All the time he was galloping, though, Snyder wanted to get back into training. He only had $2,000 to his name when he purchased Lisa’s Booby Trap. He told the breeder that he would pay him the remaining $2,500 with the money the horse would make from her first win. That’s one reason he ran her in a $20,000 maiden special weight race as opposed for a claiming price.
“If I had it my way I would have started her for $5,000, make her eligible for all those starter allowance races,” Snyder said.
When Snyder’s story hit the internet, it took off, Major newspapers wrote about it and this week a crew from NBC’s Dateline is scheduled to follow Snyder around for a few days for a potential one-hour special. Snyder has even reconnected with his daughter, Sierra, who will be here from Southern California for Thursday’s race. He has not seen his daughter in five years.

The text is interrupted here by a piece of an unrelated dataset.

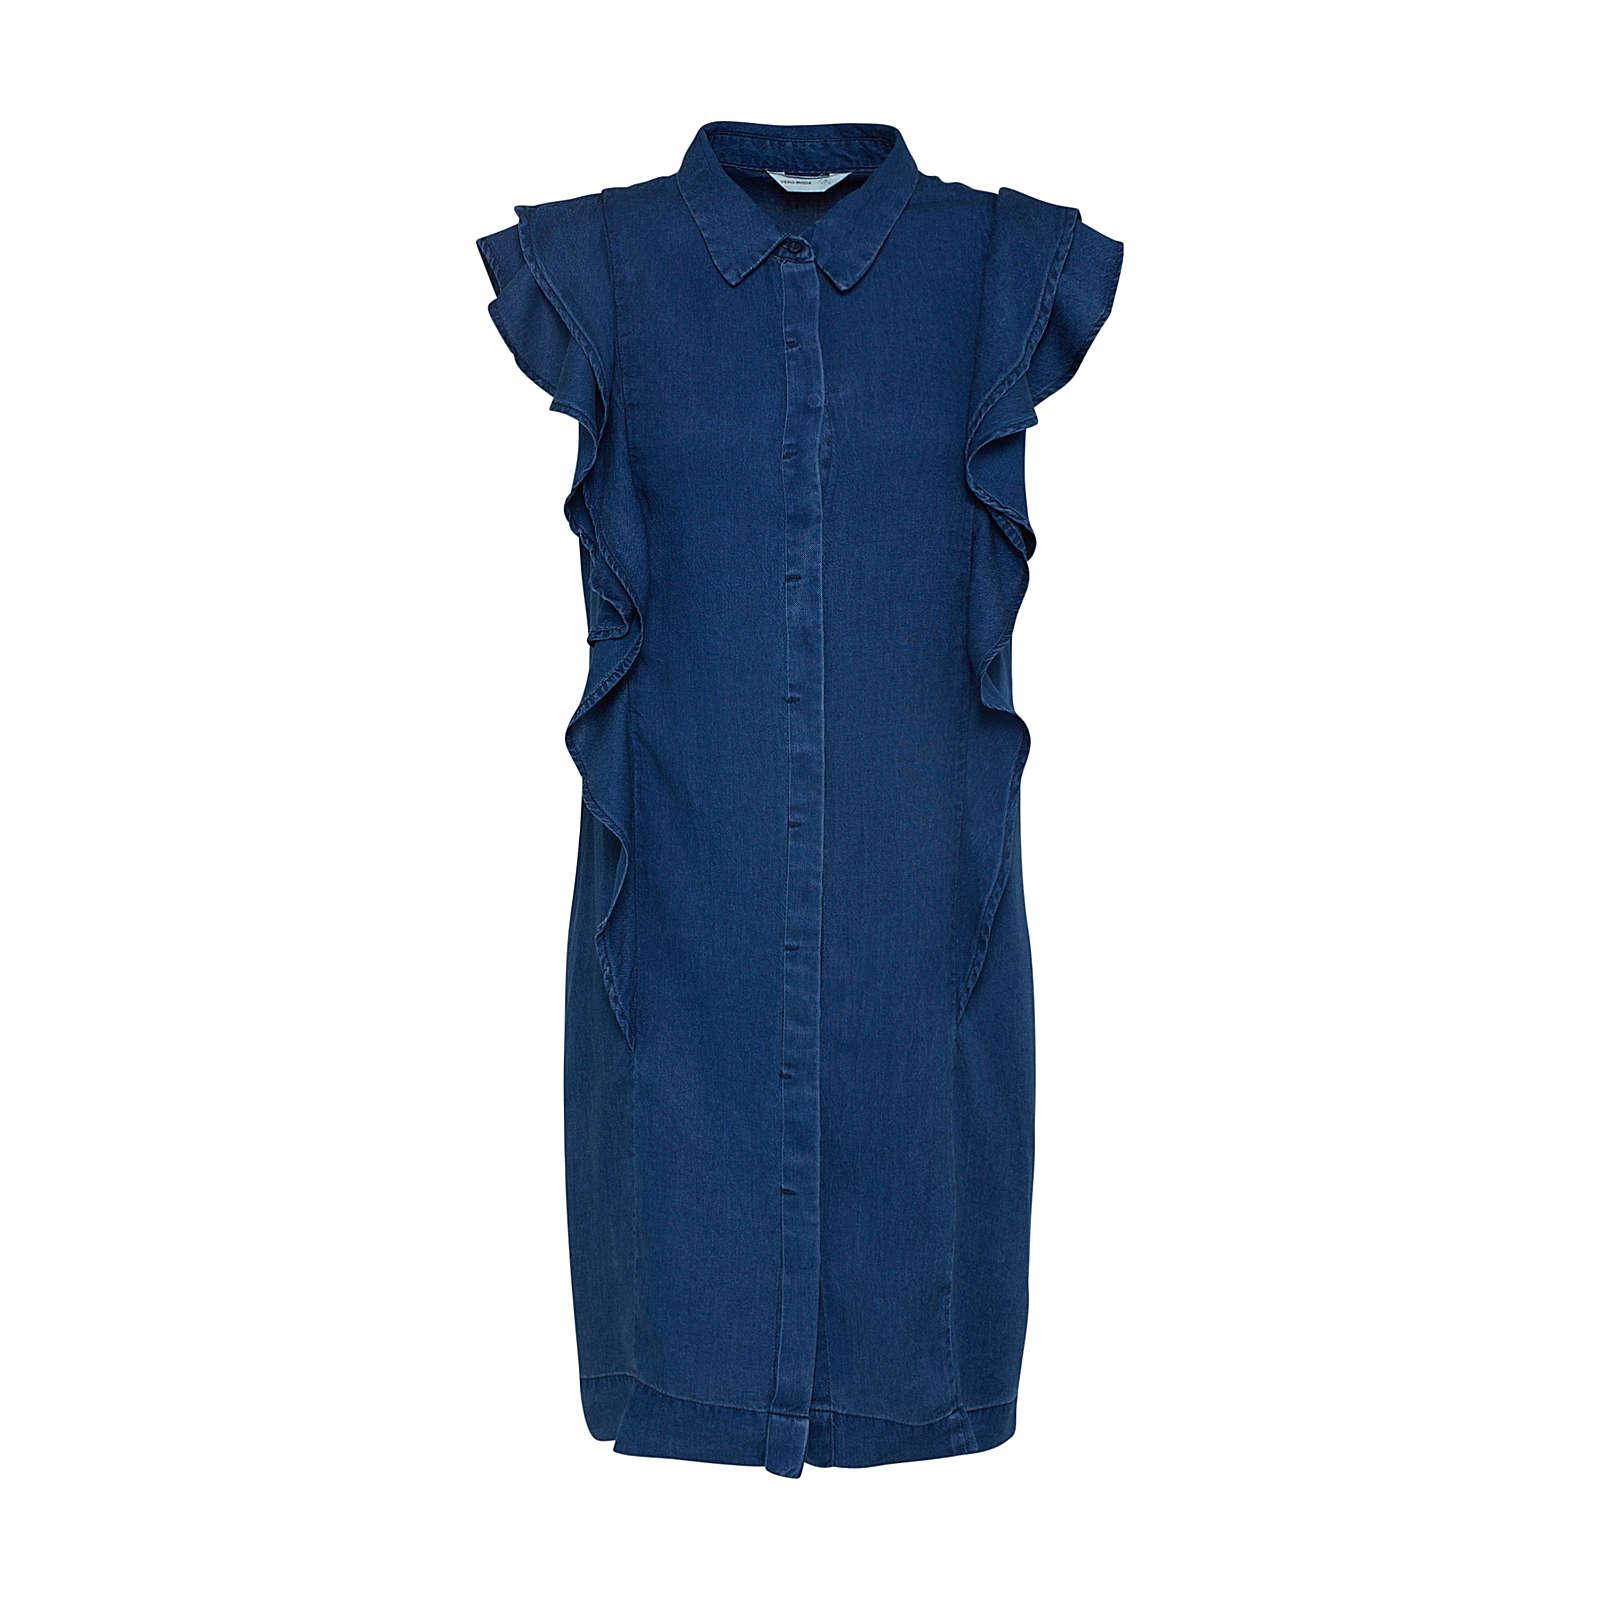 VERO MODA Kleid Jeanskleider blau Damen Gr. 36

Snyder is a bit uncomfortable with all the attention, but he’s hoping that the success he has with Lisa’s Booby Trap could lead to his getting more horses of higher quality. He would love to have the stock to enable him to winter in south Florida and spend the rest of the time on the New York Racing Association circuit.
“If I could take the knowledge that I got working with the cheap ones and use it on the good ones I think I’d be in pretty good shape,” Snyder said. “I think the people I’d train for would be happy.”